如何在 Javascript 中实现词法分析

发布于 2024-10-12 23:05:06 字数 1694 浏览 9 评论 0原文

嘿伙计们，感谢您的阅读，

我目前正在尝试做一个谷歌风格的计算器。你输入一个字符串，它判断是否可以计算并返回结果。

我慢慢地从基础知识开始：+ - / * 和括号处理。

我愿意随着时间的推移改进计算器，并且不久前学习了一些有关词法分析的知识，我构建了一个标记列表和相关的正则表达式模式。

这种工作很容易适用于 Lex 和 Yacc 等语言，但我正在开发一个仅使用 Javascript 的应用程序。

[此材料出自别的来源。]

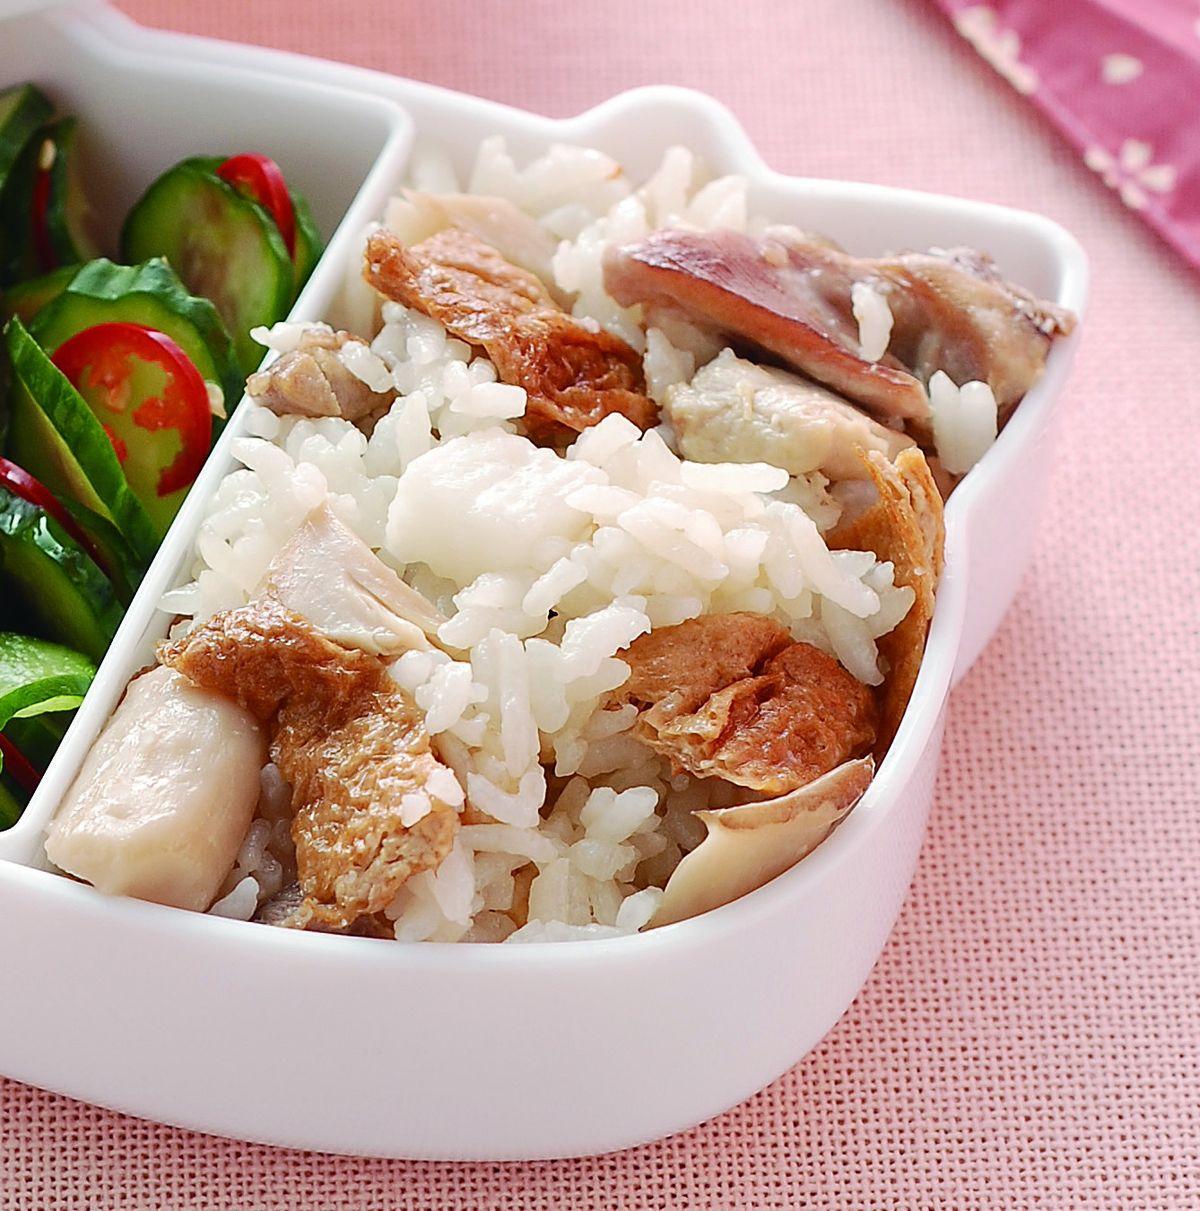 食譜:鮮菇雞肉豆皮炊飯

我试图将这个想法转录成 Javascript，但我不知道如何以干净、美观的方式处理所有内容，尤其是嵌套括号。

分析

让我们定义什么是计算器查询：

// NON TERMINAL EXPRESSIONS //
query     -> statement
query     -> ε // means end of query

statement -> statement operator statement
statement -> ( statement )
statement -> prefix statement
statement -> number

number    -> integer
number    -> float

// TERMINAL EXPRESSIONS //
operator  -> [+*/%^-]

prefix    -> -

integer   -> [0-9]+

float     -> [0-9]+[.,][0-9]+

Javascript

词法分析在于验证没有任何东西看起来不像终端表达式之一：运算符、前缀、整数和浮点数。可以将其缩短为一个正则表达式：（

我添加了空格以使其更具可读性）

var calcPat = 
/^ (\s*
    ( ([+/*%^-]) | ([0-9]+) | ([0-9]+[.,][0-9]+) | (\() | (\)) )
)+ \s* $/;

如果此测试通过，则查询在词法上是正确的，需要进行语法检查以确定是否可以计算它。 这是棘手的部分

我不会粘贴代码，因为它不干净也不容易理解，但我将解释我遵循的过程以及为什么我陷入困境：

我创建了一个名为的方法isStatement(string) 应该递归地调用自身。主要思想是将字符串拆分为“潜在”语句，并检查它们是否确实是语句并形成一个整体。
过程如下：

-如果前两个标记是数字后跟运算符：

-则，
-- 如果剩下的只是一个标记并且是一个数字：
--- 那么这是一个声明。
--- 否则，检查剩余的标记是否形成语句（递归调用）

-否则，如果第一个标记是括号
-然后，找到匹配的右括号并检查里面是否是语句（递归）
-- 还要检查右括号后面是否有内容，以及与括号结构关联时是否形成语句。

有什么问题吗？

我的问题是，当存在嵌套结构时，我找不到匹配的括号。 我怎样才能做到这一点？此外，正如您所看到的，这不是一个特别通用和干净的语法检查算法。您有什么想法来改进这种模式吗？

非常感谢您花时间阅读所有内容。 Gael

（PS：正如您可能注意到的那样，我的母语不是英语！对于错误以及所有错误，我们深表歉意！）

原文

Hey folks, thanks for reading

I am currently attempting to do a Google-style calculator. You input a string, it determines if it can be calculated and returns the result.

I began slowly with the basics : + - / * and parenthesis handling.

I am willing to improve the calculator over time, and having learned a bit about lexical analysis a while ago, I built a list of tokens and associated regular expression patterns.

This kind of work is easily applicable with languages such as Lex and Yacc, except I am developping a Javascript-only application.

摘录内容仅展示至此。